Incident at Mrak Hall

The headline news in the paper today is “UC headed to huge fee increases”, the story beginning “The financially hobbled University of California moved Wednesday to boost student fees by $2,500 as students staged raucous demonstrations across the state against the higher costs.” A couple times during the day through my office window I heard the sounds of marching students. It was evident when I rode by Mrak Hall, the campus administration building, in the evening to pick up the newspaper from the paper lock box that the excitement was just beginning. Lots of protesters outside the building, news crews, a helicopter overhead, and large numbers of police. Riding south from there I saw two police paddy wagons from the Yolo County Sheriff’s office poised to go into action. I listened to the campus radio channels over the course of the evening. Many arrests were made, but the violence seemed limited to one case of battery and several police cars getting their tires slashed.

The student fee situation is pretty horrible.
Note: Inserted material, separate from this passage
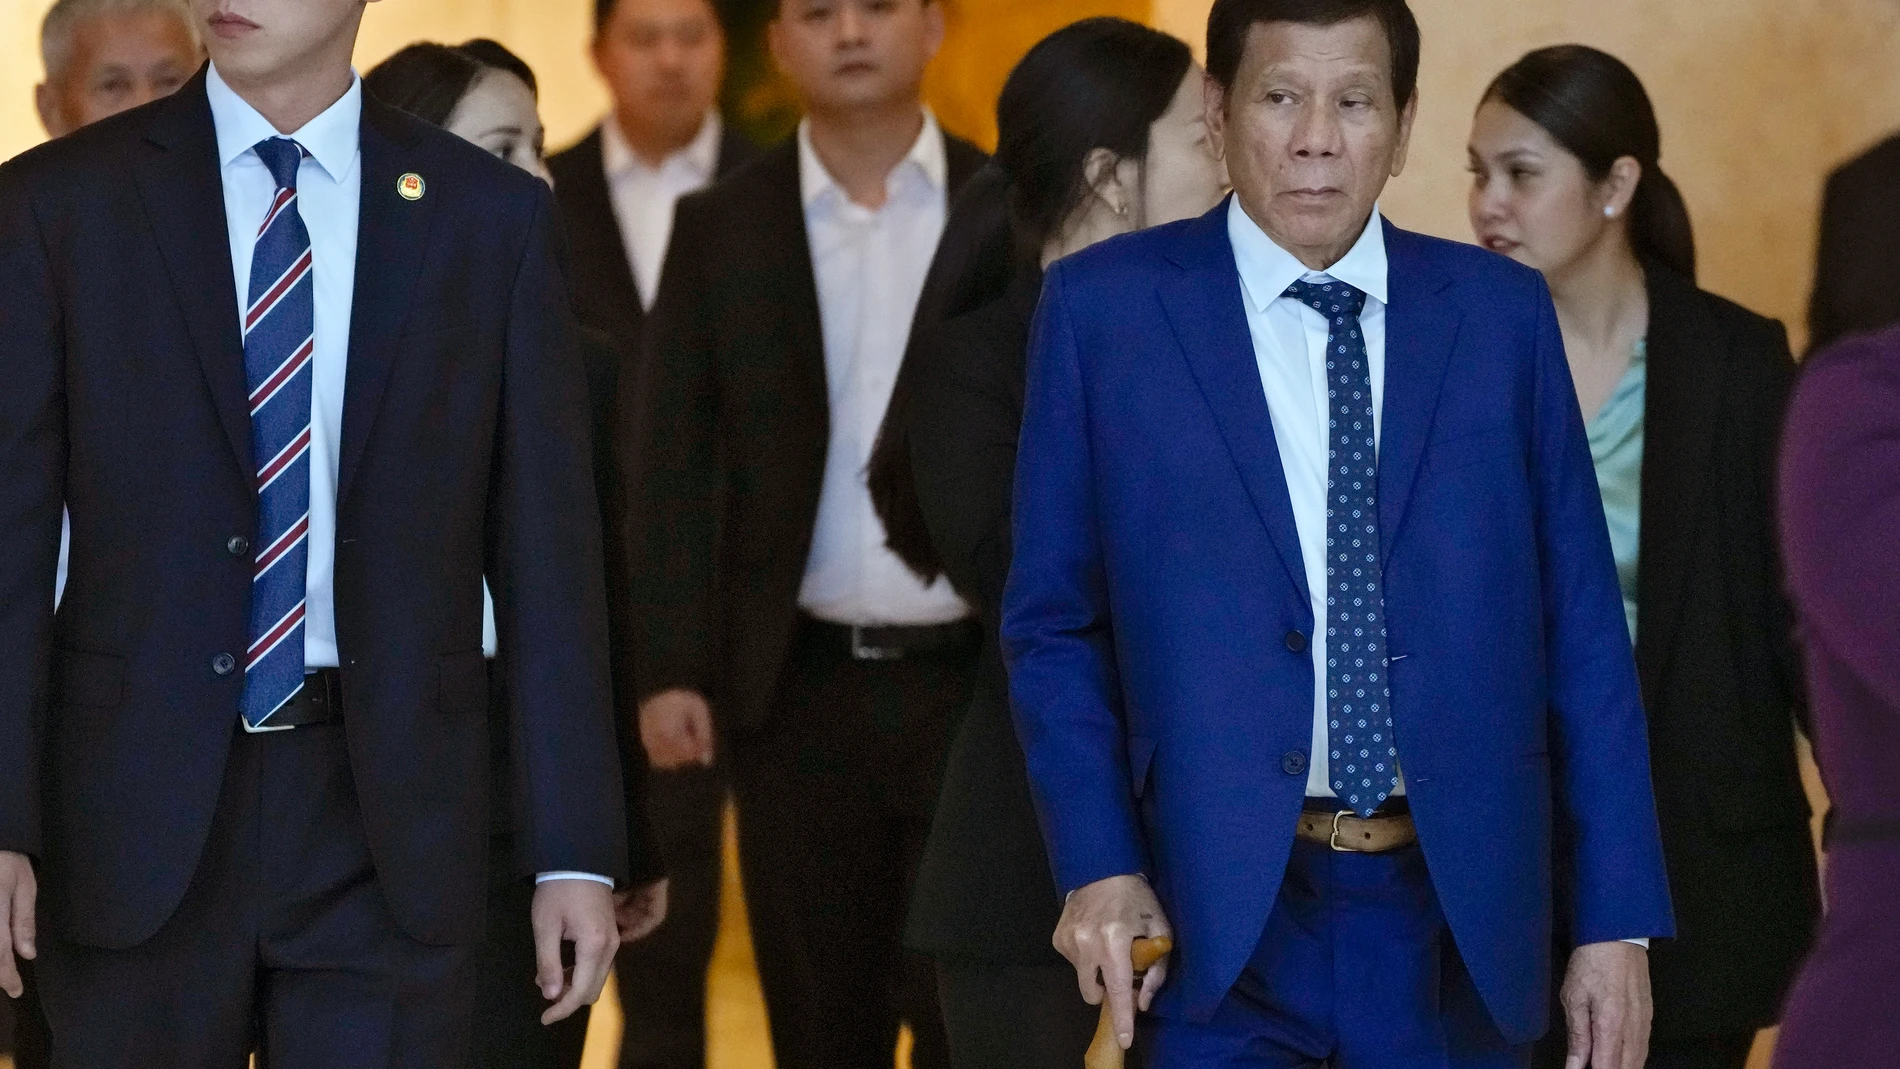 Philippine former President Rodrigo Duterte, right, is escorted by officials as he leaves a hotel in Beijing, Monday, July 17, 2023. Duterte met with Chinese President Xi Jinping, according to CCTV reports. (AP Photo/Andy Wong)

This evening everyone was very good at their respective roles. The police were being business-like, the students being loud and demonstrative. Somehow though I think this energy needs to be directed elsewhere: blame the populace of California that has on the whole supported the cause of tax reform (read starve the government) ever since the passage of Proposition 13 in 1978. We could start by repealing that damned proposition.

Posted by at 11:53 PM in Politics | Link |
  1. So unlike the sit-in I was present at in 1970 in Mrak Hall, when the protest over the Kent State killings turned to an anti-ROTC call at UCD. As a land-grant college, no can do said administrators. But no one wanted anyone arrested, so the clock was stopped just short of 5 P.M. Reagan was Gov. then, and it was feared he would force the UC Regents to compel Chancellor Meyer to clear the building. Fortunately, that didn’t happen, and since the administration and the student leaders were on a first-name basis, the issues were talked to death and everyone eventually went home with promises of more campus-wide dialog to come.